Abstract

The Bjerkreim-Sokndal layered intrusion (BKSK) consists of a > 7000-m-thick Layered Series comprising anorthosites, leuconorites, troctolites, norites, gabbronorites and jotunites (hypersthene monzodiorites), overlain by an unknown thickness of massive, evolved rocks: mangerites (hypersthene monzonites; MG), quartz mangerites (QMG) and charnockites (CH). The Layered Series is subdivided into six megacyclic units that represent the crystallisation products of successive major influxes of magma. We have studied a ca. 2000-m-thick section that straddles the sequence from the uppermost part of the Layered Series to the QMG in the northern part of the intrusion. Mineral compositions in 37 samples change continuously in the lower part of the sequence up to the middle of the MG-unit (plagioclase An37-18; olivine Fo40-7; Ca-poor pyroxene Mg#57-15; Ca-rich pyroxene Mg#65-21). Above this compositions are essentially constant in the upper part of the MG-unit and in the QMG (An21-13; Fo6-4; Mg#opx17-13; Mg#cpx25-20). The amount of interstitial quartz and the amount of normative orthoclase, however, both increase systematically upwards through the QMG-unit, implying that these rocks are cumulates. There is no evidence of a compositional break in the MG-QMG sequence that could reflect influx of relatively primitive magma.
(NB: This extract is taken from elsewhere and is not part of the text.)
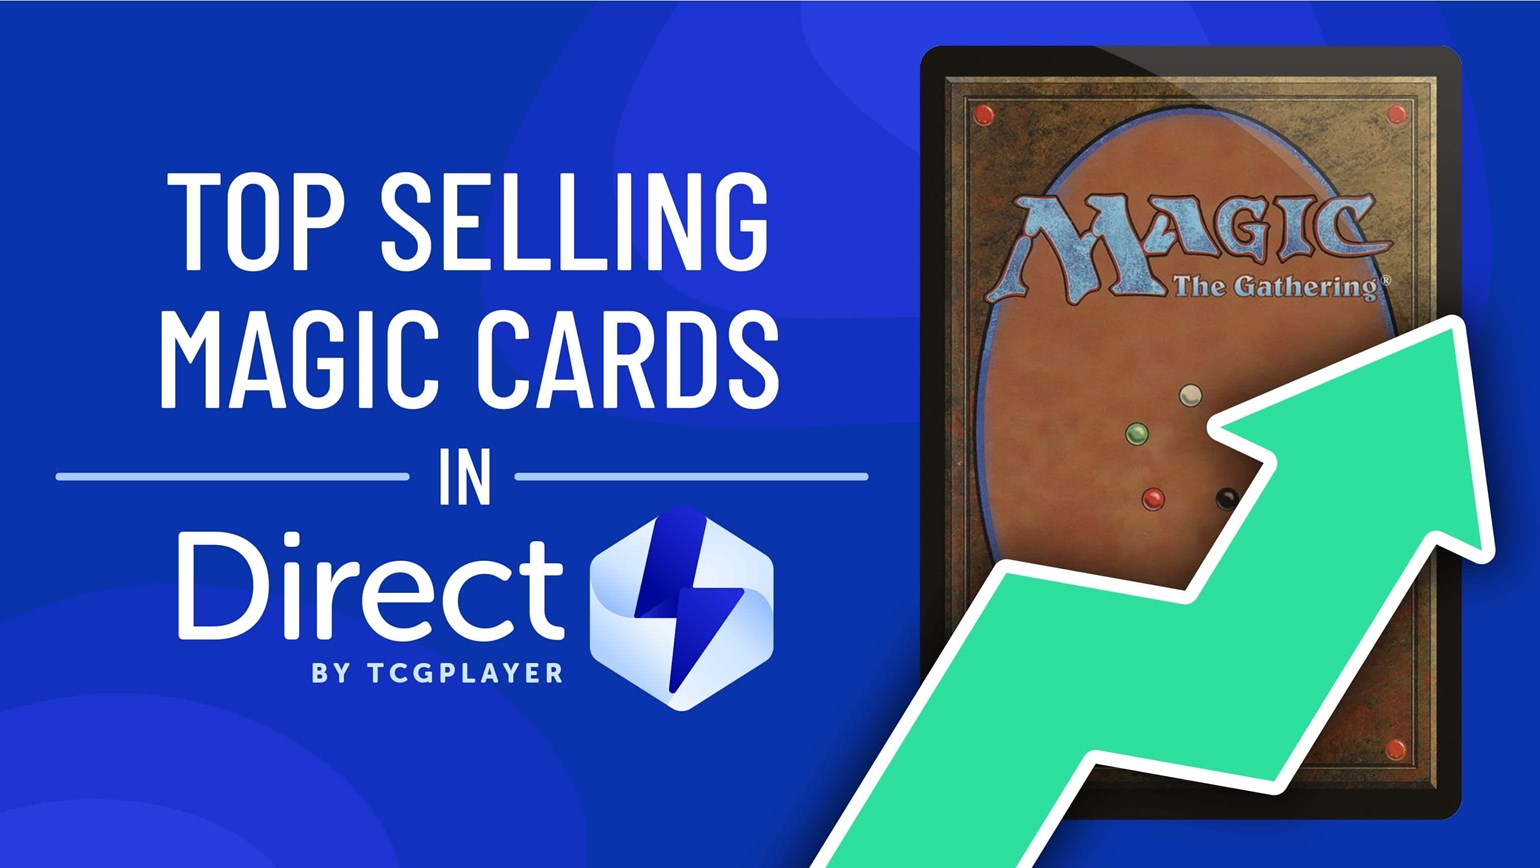 September Top Selling Magic: The Gathering Cards in Direct by TCGplayer

Two types of QMG/CH are known in the uppermost part of BKSK. Olivine-bearing types are comagmatic with the underlying Layered Series; the studied stratigraphic sequence belongs to this suite. Two-pyroxene QMG and amphibole CH define a separate compositional lineage related to jotunites. An intrusive unit of dominantly two-pyroxene QMG is discordant to the olivine-bearing jotunite-MG-QMG sequence near Rapstad, confirming the presence of two compositionally distinct suites of QMG and related lithologies in the upper part of BKSK. A xenolith-rich unit near the olivine-bearing MG-QMG boundary represents a major collapse of the roof of the magma chamber during the final stages of crystallisation.